REPUBLIKA.CO.ID, JAKARTA -- PT Victoria Securities Indonesia (VSI) mengecam tindakan Kejaksaan Agung yang menyita kembali barang bukti tanpa ada izin dari pengadilan. Padahal barang bukti itu sudah dikembalikan.
Jaksa yang mendatangi kantor VSI berdalih hendak melakukan eksekusi Putusan Praperadilan No.81/Pid.Prap/2015/PN.JKT.SEL tanggal 20 September 2015 yang salah satu amarnya adalah memerintahkan Kejaksaan Agung Republik Indonesia untuk mengembalikan barang-barang yang sudah disita secara tidak sah pada tanggal 12, 13, 14, dan 18 Agustus 2015.
Pengacara PT VSI, R Primadita Wirasandi, Selasa (12/10), mengatakan, "Setelah kami mempersilahkan jaksa-jaksa tersebut masuk untuk menyerahkan barang-barang yang telah disita, ternyata barulah kami sadari bahwa dalih tersebut hanyalah alasan dari jaksa-jaksa untuk melakukan tindakan penyitaan ulang terhadap barang-barang tersebut, tanpa menyertakan surat izin dari pengadilan negeri setempat."
Primadita juga mengecam tindakan jaksa tersebut karena memaksa kliennya ikut menyaksikan penyitaan tanpa izin serta meminta menandatangani berita acara penyitaan. "Kami PT Victoria Securities Indonesia menolak karena merasa bahwa penyitaan tersebut adalah penyitaan liar dan tidak berdasar," kata Primadita.
Ia mengatakan, meski menolak menandatangani, namun jaksa tetap memaksa PT VSI meneken berita acara penolakan. "Kami menolak menandatangani," sebutnya.
Menurut Primadita, tindakan Kejakgung merupakan tindakan yang sewenang-wenang, arogan dan melanggar hak asasi. Padahal, PT VSI bukanlah terlapor dan bukan tersangka dalam perkara yang sedang disidik Kejakgung, tetapi justru kantor PT VSI yang digeledah, barang-barangnya disita dan orang-orangnya diperiksa.
Ia menilai, tindakan dari Kejakgung yang memaksa untuk menyita kembali barang-barang mereka tanpa surat izin dari pengadilan negeri adalah upaya mempermainkan putusan praperadilan. Tindakan itu juga dinilai Primadita sebagai upaya membangun opini seolah-olah tindakan yang dilakukan jaksa (penggeledahan dan penyitaan pada 12, 13, 14 dan 18 Agustus 2015) adalah tindakan yang benar.
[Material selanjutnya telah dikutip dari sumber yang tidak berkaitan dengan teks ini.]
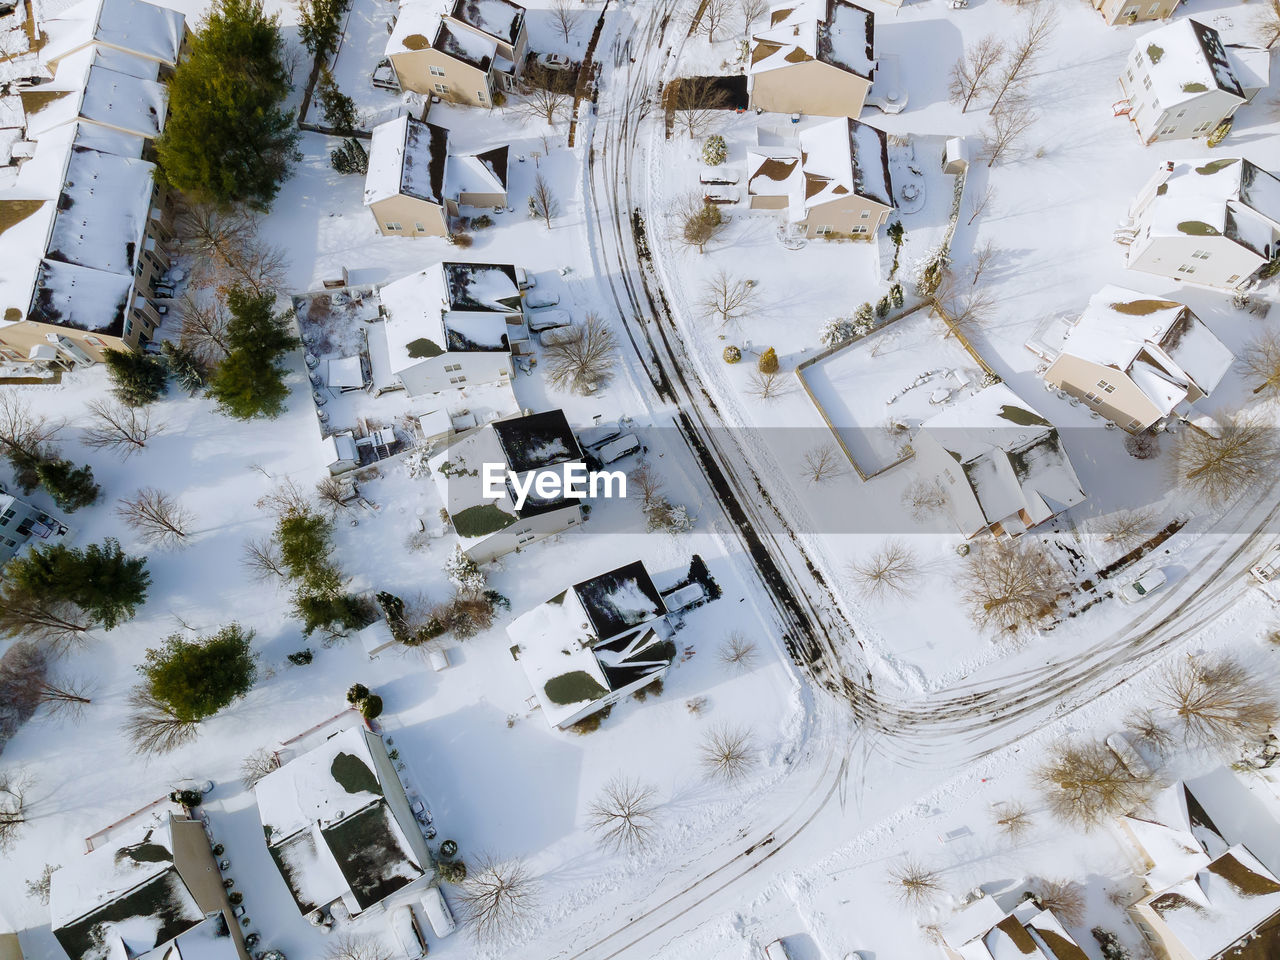 HIGH ANGLE VIEW OF SNOW COVERED BUILDING

Padahal, masih kata Primadita, jelas-jelas telah diputus pengadilan tindakan tersebut adalah tindakan yang tidak sah dan melawan hukum. "Kami menegaskan bahwa tindakan sewenang-wenang yang dilakukan oleh jaksa-jaksa dari Kejaksaan Agung ini adalah tindakan yang mencoreng kredibilitas institusi kejaksaan dan merusak tatanan hukum di Indonesia," tegasnya.
Ia mengingatkan, jika ingin menegakkan revolusi mental, maka Presiden Jokowi harus menindak kejaksaan yang telah berbuat sewenang-wenang. "Jika ingin mewujudkan visi revolusi mental maka seharusnya dimulai dari merevolusi mental-mental penegak hukum yang seperti ini, yang tidak mau mengakui kesalahan mereka dan justru mengulang lagi kesalahan yang sama," katanya mengakhiri.